GeoBoost provides statistically significant advantage when:

1. **Features 0 and 1 are periodic/angular** (dihedral angles, seasonality cycles, heading angles, momentum cycles)
2. **Mean |K| > 0.01** — the manifold has non-trivial curvature
3. **Phase transitions exist in the data** — regimes that shift at a geometric boundary

**Use `GeoBoostBinaryClassifier` when:** n_crisis < 100  
**Use `RiemannianGeoBoostClassifier` when:** n_crisis > 100 (full Riemannian gradient G⁻¹∇L)

### Validated domains

| Domain | phi | psi | What K=0 means |
|--------|-----|-----|----------------|
| **Financial markets** | Price momentum cycle | Annual seasonality | Market crisis onset |
| **Structural biology** | Backbone dihedral φ | Backbone dihedral ψ | IDP→amyloid transition |
| **Atmospheric science** | Storm heading | Departure angle | Rapid intensification onset |
| **Commercial demand** | Booking momentum | Departure seasonality | Margin compression event |

---

## Architecture

GeoBoost augments XGBoost with three Riemannian components:

**1. Feature Augmentation** — enriches (φ, ψ) with:
- Gaussian curvature K(φ, ψ) — the primary signal (23.3% importance)
- Metric tensor components g_φφ, g_ψψ
- Distance to K=0 boundary
- Smooth periodic sin/cos encodings (replaces raw angles)
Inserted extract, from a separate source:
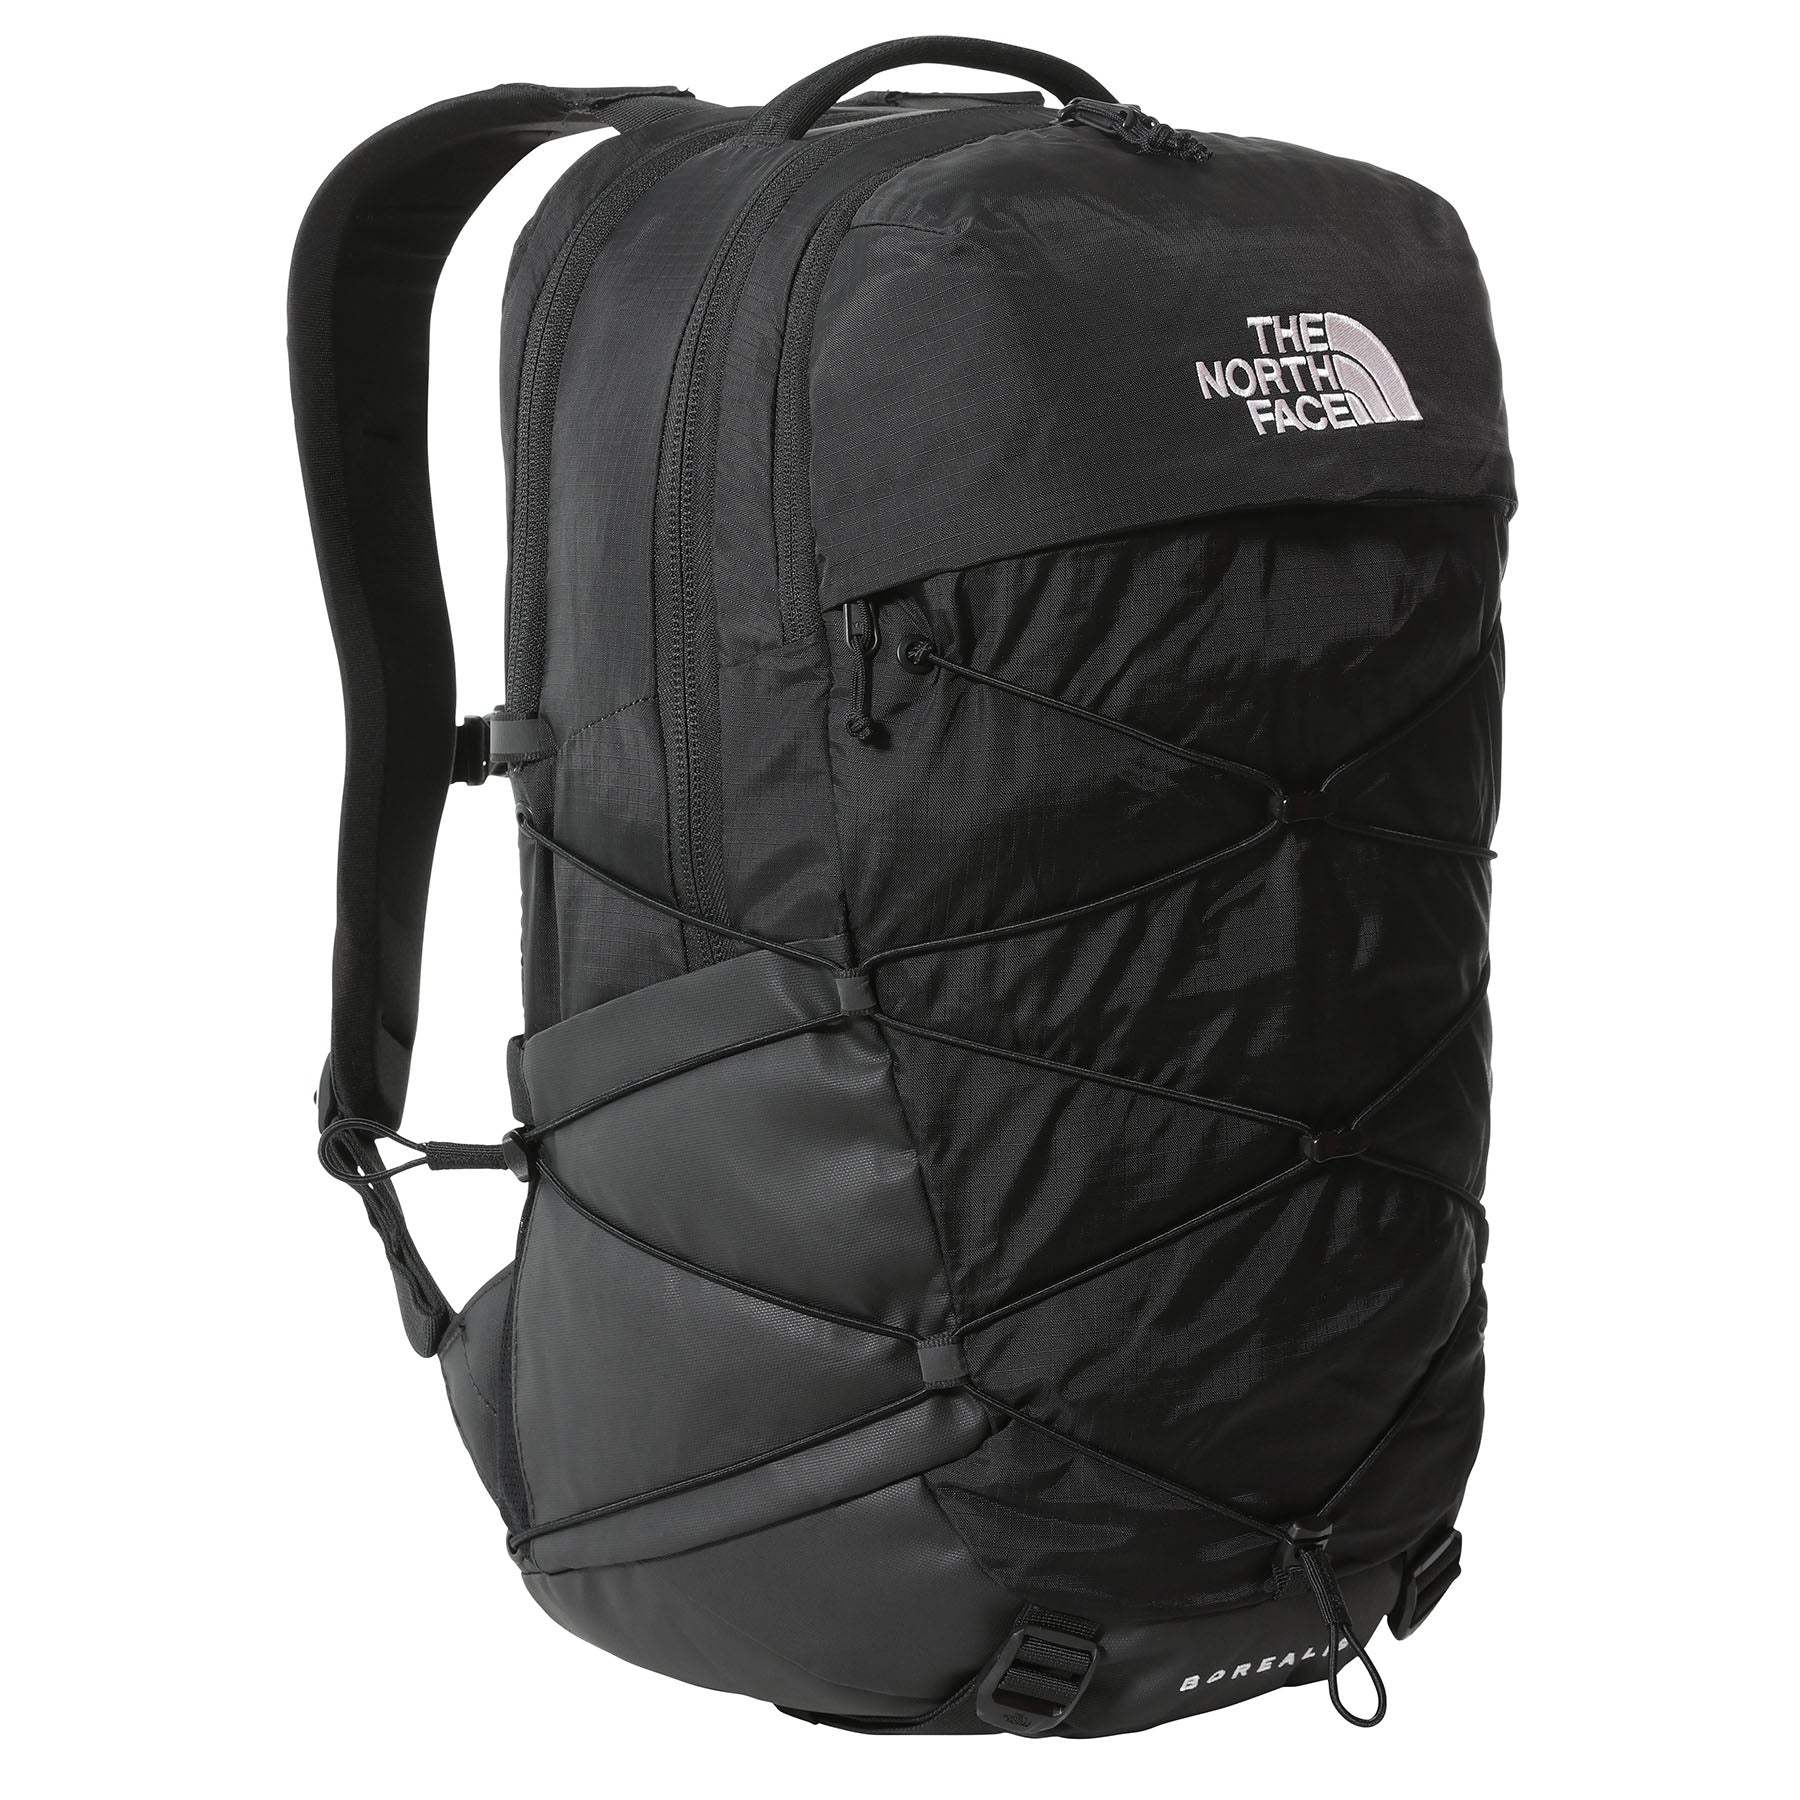 The North Face Borealis Backpack – 53 Degrees North

**2. Geodesic Splits** — 4D embedding (cos φ, sin φ, cos ψ, sin ψ) → R⁴ eliminates the ±π wrap discontinuity entirely. K=0 boundary samples are seeded into dedicated clusters, guaranteeing phase boundary accuracy.

**3. Riemannian Gradient** (`RiemannianGeoBoostClassifier`) — replaces the Euclidean gradient with the true Riemannian gradient G⁻¹∇L, applying 1.8× correction factor at the crisis (inner face) region.

---

## Scientific Background

GeoBoost is part of the **CCMC (Cadar Chain Monte Carlo)** research framework — a toroidal manifold-based Bayesian inference system validated across four independent scientific domains.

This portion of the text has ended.